SOES3042/6025 Computational Data Analysis for Ocean and Earth Scientists Assignment 2
Hello, dear friend, you can consult us at any time if you have any questions, add WeChat: daixieit
Computational Data Analysis for Ocean and Earth Scientists
SOES3042/6025 – Assignment 2 (Signal)
In this assignment, you will apply the signal theory learned in the lectures and the programming skills gained from the practicals to analyse real-world data in much the same way as you would for a genuine research project. You will encounter difficulties that are common when dealing with real-world data, and you will use your initiative to address them. You will look at two oceanographic data sets obtained via remote sensing: one physical data set (sea surface height anomaly) and one biological data set (surface chlorophyll concentration). You will apply signal-processing methods to extract information from each dataset and relate them to one another.
Instructions
This assignment accounts for 60% of the overall module mark. You will need to submit two files via Turnitin by 2 pm, Monday 15th December: (1) a PDF file reporting your answers (supported by relevant figures) to the problems and (2) a Jupyter Notebook file containing all the Python code you used to generate the answers and relevant figures. Name the files as “SOES3042_A2_ID_LastName.pdf” and “SOES3042_A2_ID_LastName.ipynb”, respectively. Replace “ID” with your 8-digit student ID and “LastName” with your last name. If you are taking SOES6025, replace “3042” with “6025”.

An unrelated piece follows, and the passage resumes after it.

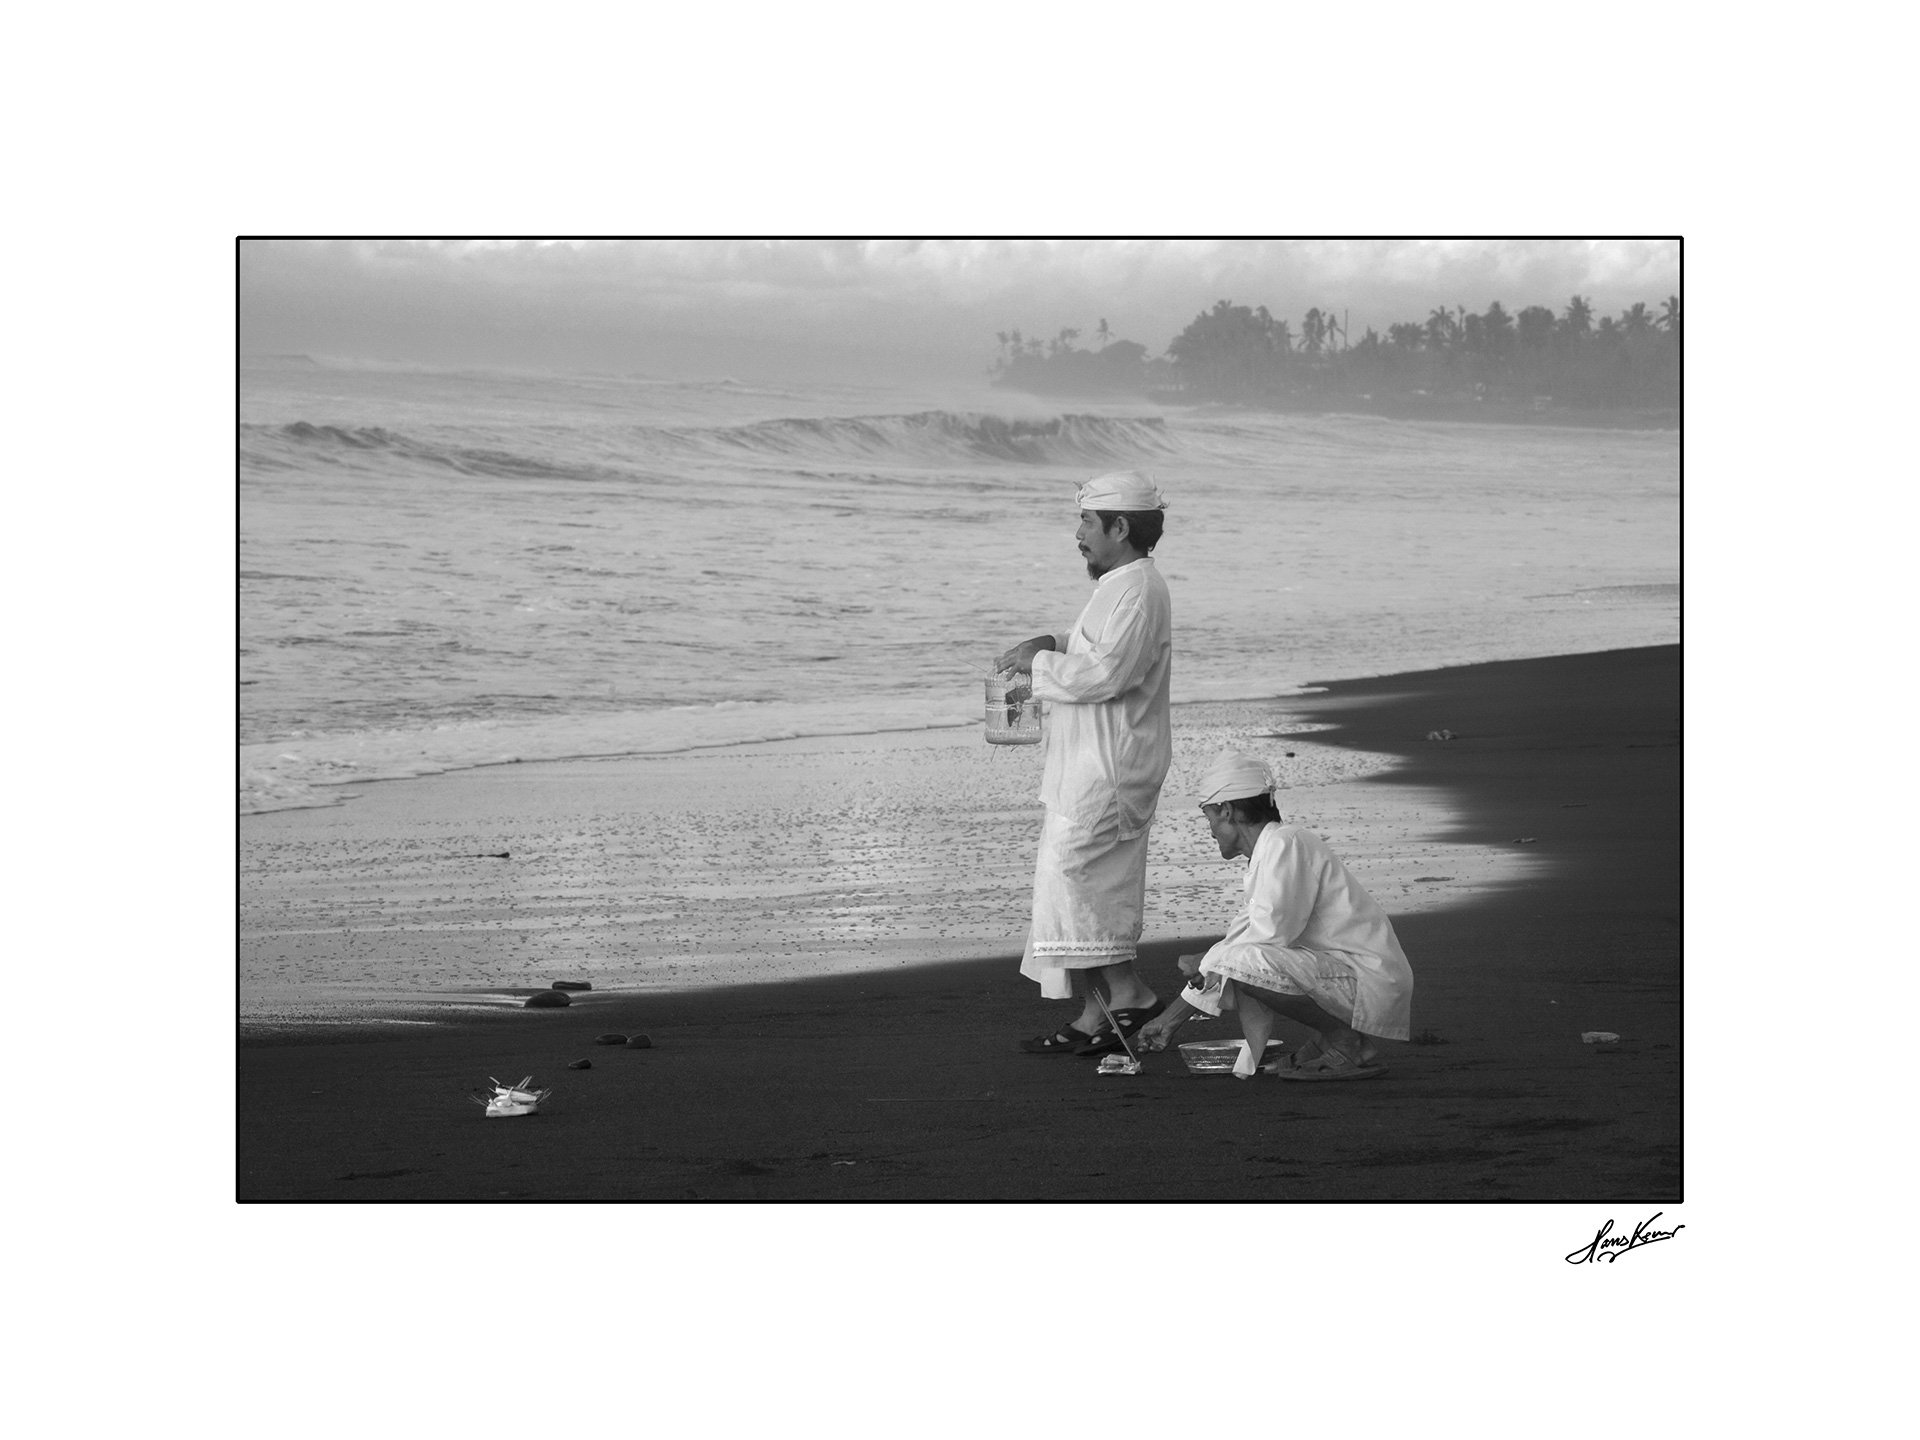 Priests praying on Purnami Beach in Bali, 2009

Please note that only the PDF file will be marked. Your code file will not be marked, but it is required and will enable me to see where your results came from. Use a separate code cell for each problem, ensuring that running the code cell will produce the corresponding results and plots shown in your report. Complete this assignment following the instructions below.
(1) Write your answer in the form of an individual written and well-structured short report accompanied by suitable figures, using the Word answer template provided. Once you complete your answers for the assignment, please make sure you save your final answers as a PDF file and submit it via Turnitin. Please also:
§ Ensure that each task is clearly addressed and that you also describe your approach to the task (do this without referring to programming details).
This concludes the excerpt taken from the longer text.